Both things remain true. One doesn’t have to choose or deny either:
1. Christians who behave badly and believe falsehoods have alienated many thousands of people and turned them away from the faith (for which they will stand accountable to God at the judgment if not before).
2. There is much hatred towards Christianity in the world (biblical koine Greek: kosmos, or “world-system”) and Jesus did say, “you will be hated by all for My Name’s sake.” There is institutional discrimination and persecution (e.g., China, Turkey, Sudan, Iran, Nigeria, many other countries) and individual detestation (hosts of atheist sites rife with anti-Christian prejudice).
I asked you if you thought Jesus was a bigot precisely because He is perfect and lacks the faults that the rest of us Christians (and all of humanity) have. I was trying to get down to brass tacks. You haven’t answered me on that, and instead use it as a rhetorical device to pummel me some more.
Moreover, my original response that you cite was replying to the charge of “domineering bigotry . . . that has been a conservative religious mainstay for hundreds of years.” That is an extreme statement and a prejudiced one to boot. So I reacted to it, while conceding that there are many examples of bad and lousy Christians. I’m a Catholic. We’re certainly dealing with massive sinners in the Catholic Church [sexual abusers and enablers of same] (even among bishops and cardinals) right now.
But I do not agree that being part of an orthodox religious belief-system is identical to being a bigot. If I believed that, I would leave Christianity in a nanosecond. There are sinners and bad examples in any social group. You (along with my original dialogue opponent) appear to believe that being against homosexual sex is identical to “hating those of homosexual orientation.” That is false, and is a lie from the pit of hell. If that is what you expect to convince me of, you’ll be waiting a long time.
I am happy and delighted to talk with you, but I’ll tell you right now (lest there be no misunderstanding): if you hate Christians or Christianity then we will not be talking much: not because I am closed-minded but because in my experience discussions with people who are in bondage to hatred of any sort never go anywhere and are a perfect waste of time.

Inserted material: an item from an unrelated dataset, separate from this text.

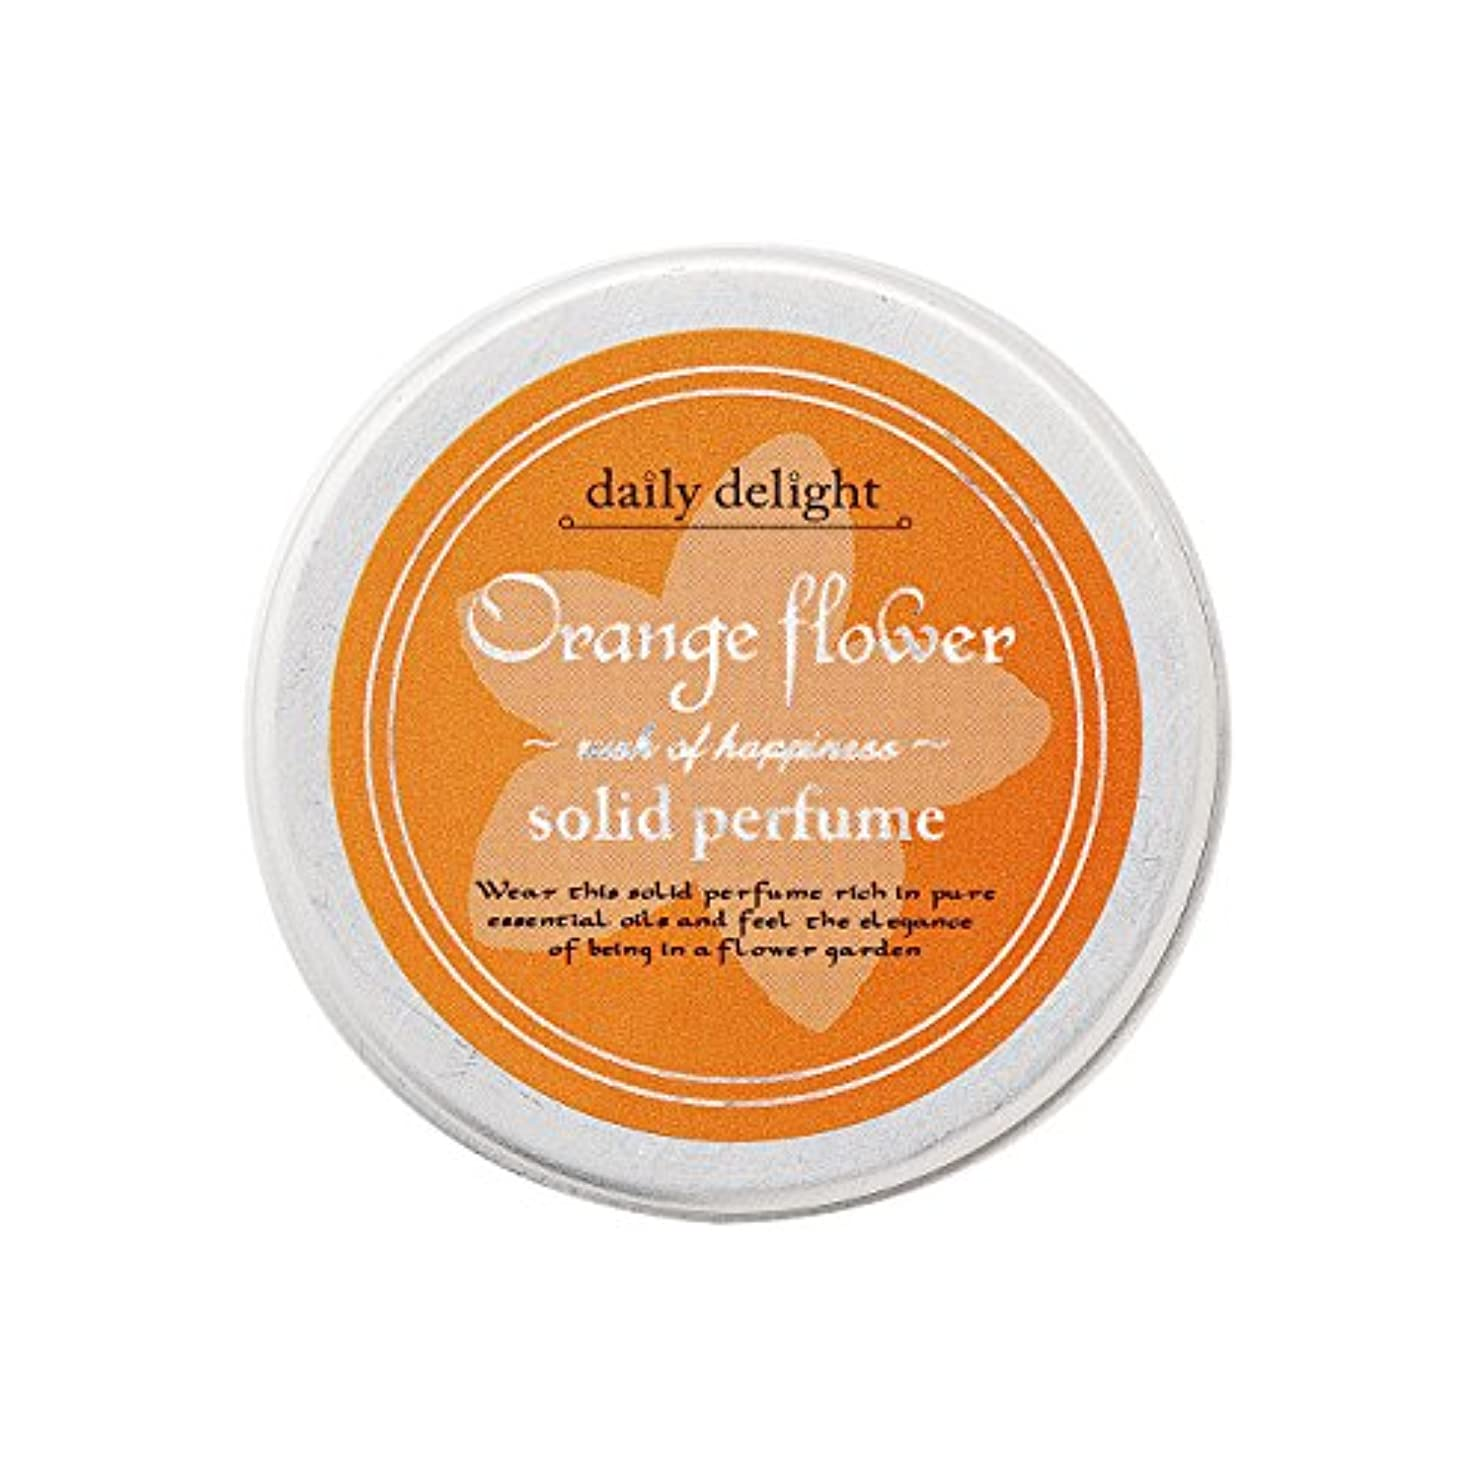 きょうだい嵐の飲み込むデイリーディライト 練り香水 オレンジフラワー  10g(香水 携帯用 ソリッドパフューム アルコールフリー なつかしい甘さが残るオレンジフラワーの香り)

And if your position is that I “hate” people merely because I disagree with some view they have or their lifestyle, the discussion is over, too, because that’s a lie. I don’t hate anyone, and do my best to love all people, as Jesus commands me.
[after being informed that I had put up this new blog dialogue] Welp, gonna delete the reply I had drafted. I’m not interested in being part of your archive to wave around for blog fodder in 20 years. Toodles!
I see. In other words, you have no interest in dialogue. The stuff was already here in this combox. So why you object to it simply being put into a new blog paper is beyond me. Why comment here at all? But it’s not unexpected; almost was predictable.